被告のマニュエル氏は、憲法に認識された先住民族の権利、最高裁が確認した先住民族の権利が州によって無視されている事実をあげ、これまでカナダ社会の中で、また法廷によってどれだけ差別に苦しんできたかをあげ、法廷による撤去命令が伝統活動に大きなダメージを与えると訴えました。
裁判長は、一貫して被告に対して、2001年の反対運動と今回の運動がどう違うのかを明確にするよう求めましたが、マニュエル氏の主張は、裁判長の目からは、脱線が多く(最高裁やWTOなど彼がやってきた業績)、基本的には前回の運動と同じであるという結論をもったようです。
次に証言台にたったジャック氏は、今回のあまりにも早急でパワーバランスの欠けた公判では、公正な裁きができないことを強調し、現に供述書などの提出さえできない状況で裁かれる不満を訴えました。彼は、今回のキャンプがプロテストではなく、平和的で外部からも「友好的」であると見なされている証拠を提出し、警察にコーヒーを差し出したといった友好的なものであると主張。これには裁判長も好意的な反応を示していました。また彼女は、ジャック氏に対し、もし撤去命令が出た際は、それに従うかどうかを質問。ジャック氏は、迷ったものの、最終的には従えないと応答。ジャック氏は、その他に、サンピークス・リゾート社側が主張した、チーフが運動に反対しているというのに対し、それが間違った情報で、自分たちはそれを証明するビデオをもっていると言いましたが、これは証拠として提出されませんでした。
ジャニス・ビリー氏は、自分がプロテストのためにテントをたてたのではなく、自らの家だからだと主張。もともと拡張開発計画に強く反対していた事実を述べ、開発地が伝統活動継続に不可欠な場所であることを強調しました。これに続いてアイリーン・ビリー氏も、1998年11月に大久保氏やその他の企業代表がアダムズレイク・バンドのオフィスに来た時、はっきりと拡張反対を表明した事実、それを無視し環境を悪化させた会社側の責任を問い、また自分の家族が伝統的に開発地で狩猟をしてきたことを訴えました。彼女の明確でするどい指摘は多くの人の共感を得たようで、裁判長や相手弁護士も深く聞き入っていました。サラ・デノールト氏も81歳の病弱の体をおして出廷し、最高裁判決などについて語りました。

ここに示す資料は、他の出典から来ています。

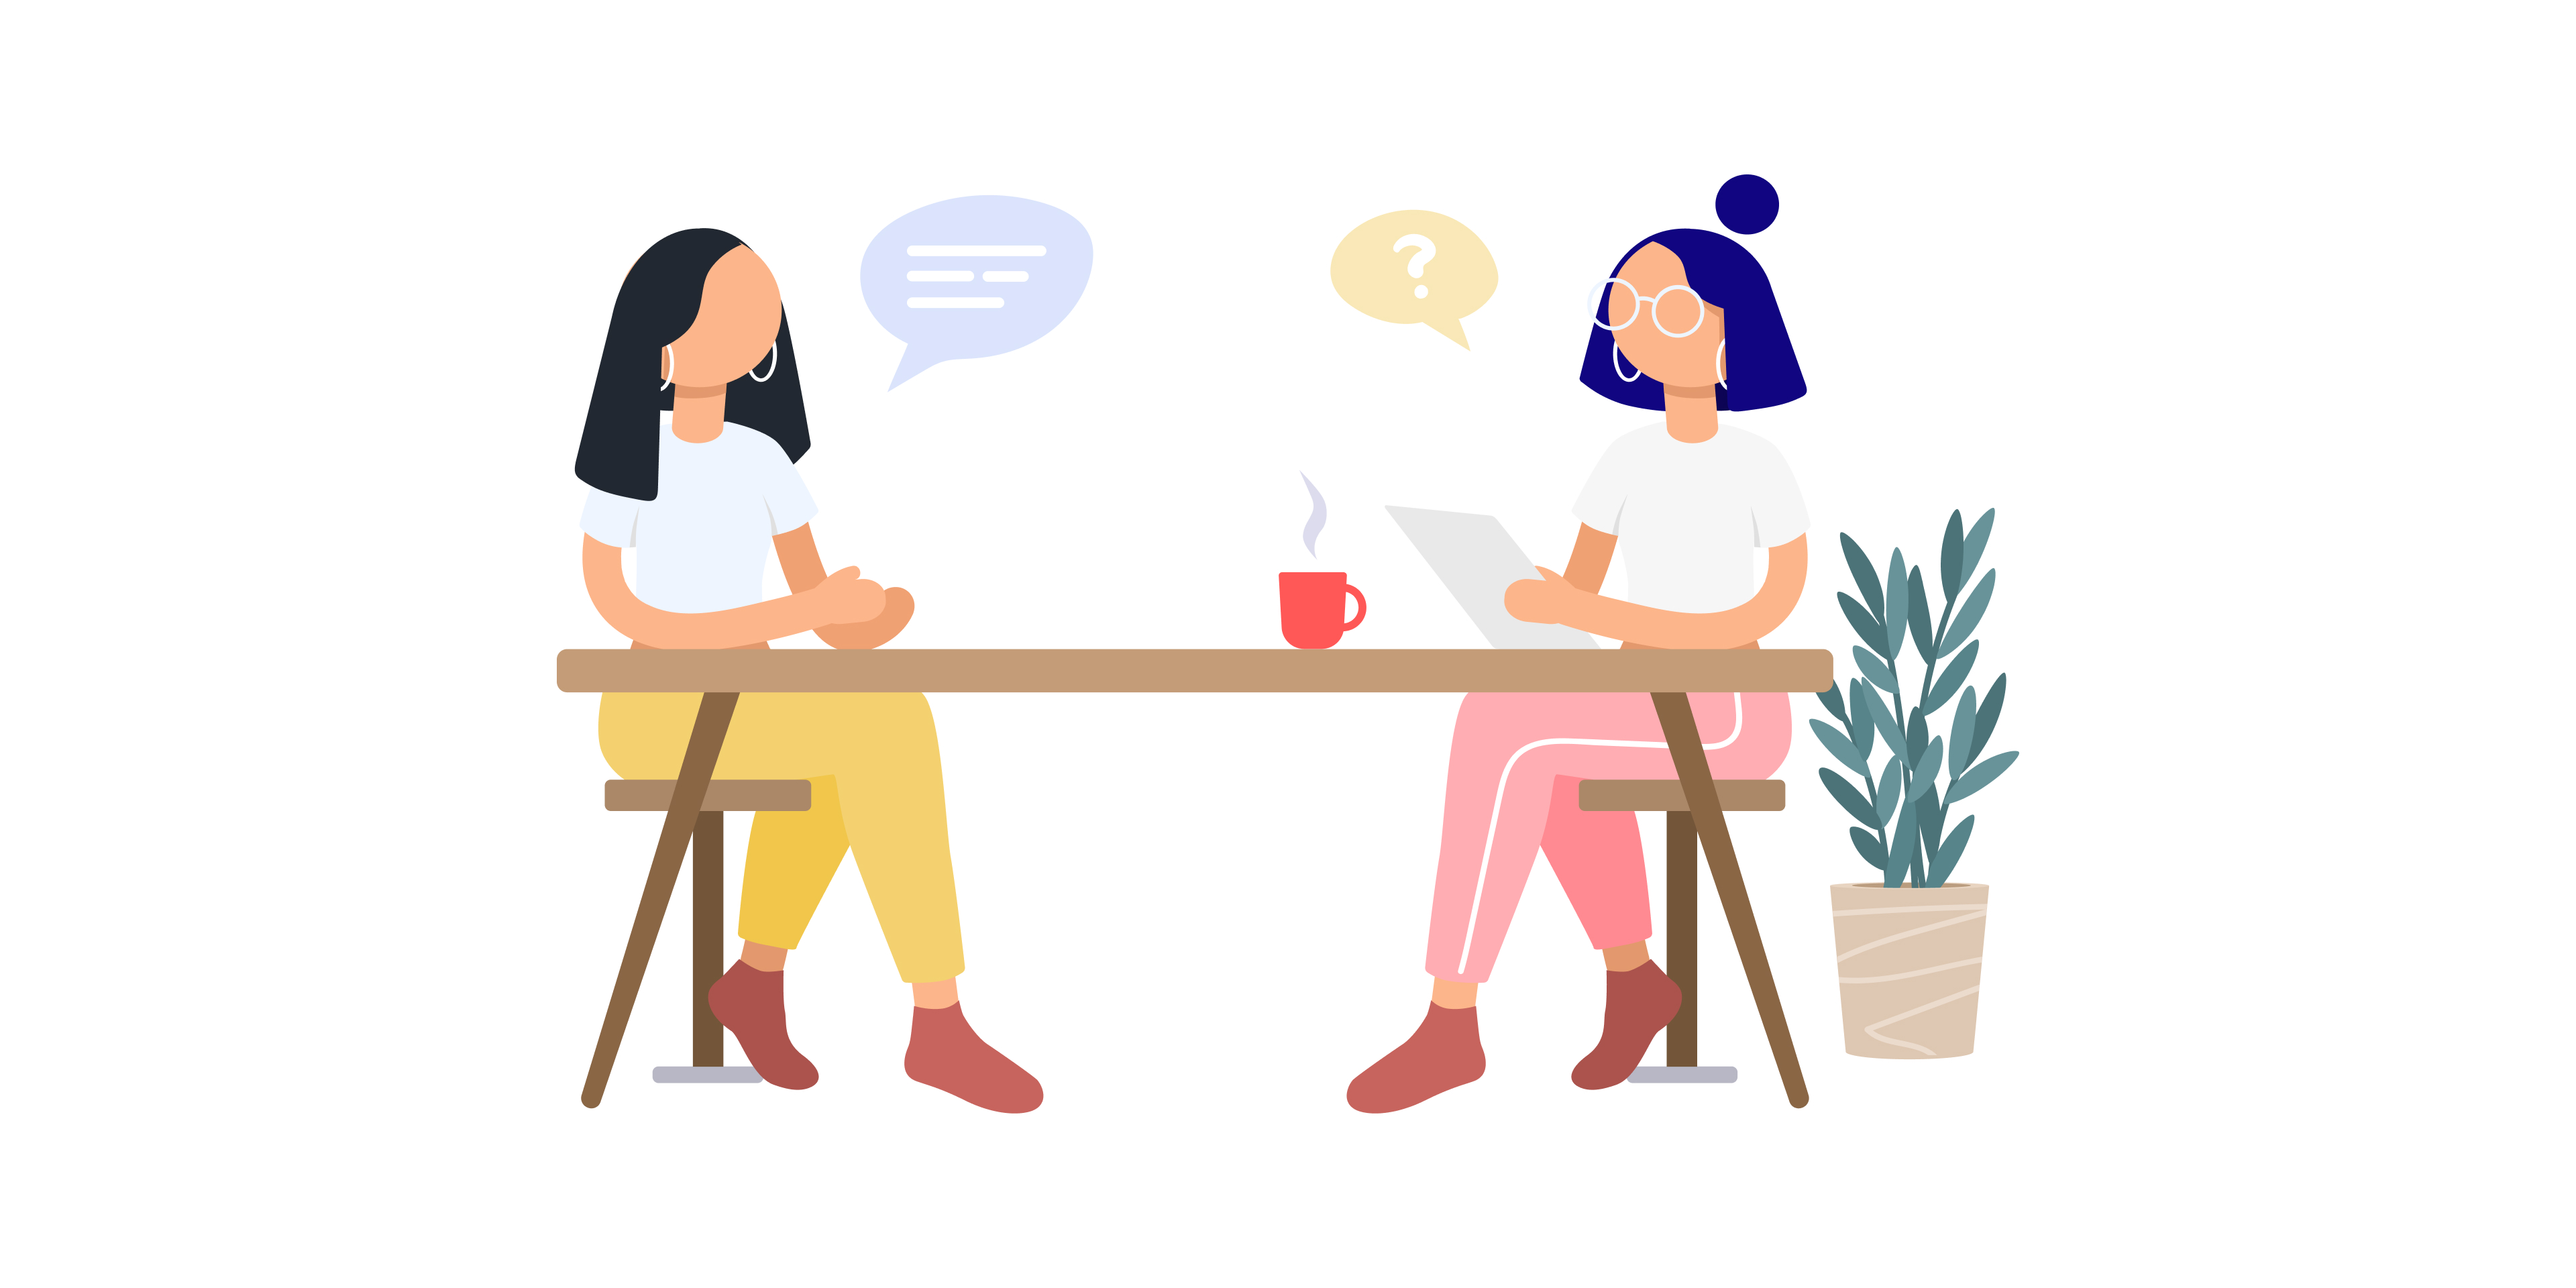 Illustration of two women sitting at a table, one being interviewed by the other

サラ・デノールト氏の発言の後すぐ、裁判長は口頭で判決を下しました。当初、判決はすぐ出さないと言っていたように思うのですが。彼女は、被告の誠実な心からの訴えには共感を示したものの、サンピークス・リゾート社と法務大臣の主張をほぼ全面的に受け入れ、9月3日付けで強制的(法施行能力をともなう)撤去命令をだしました。ただ、サンピークス・リゾート社が求めていた、リゾート地区全体への進入禁止はあまりに広範囲に及ぶとして、ベース・エリアのみにとどめるとしました。
彼女は、被告の訴えが2001年のものと基本的に同じであり、その訴えに対して地方裁判所が下した判決を先例に持ち出し、今回も前回と同じならば判決も同じだという理由をつけています。前回の判決の正誤性やその内容は鑑みないまま、結論を早急に出したことになります。
さらに裁判長は、判決を出すにあたって、今回は先住民族の権利とはまったく関係ないとして、先住民族の運動、訴えを西洋法的に「同化」したといえます。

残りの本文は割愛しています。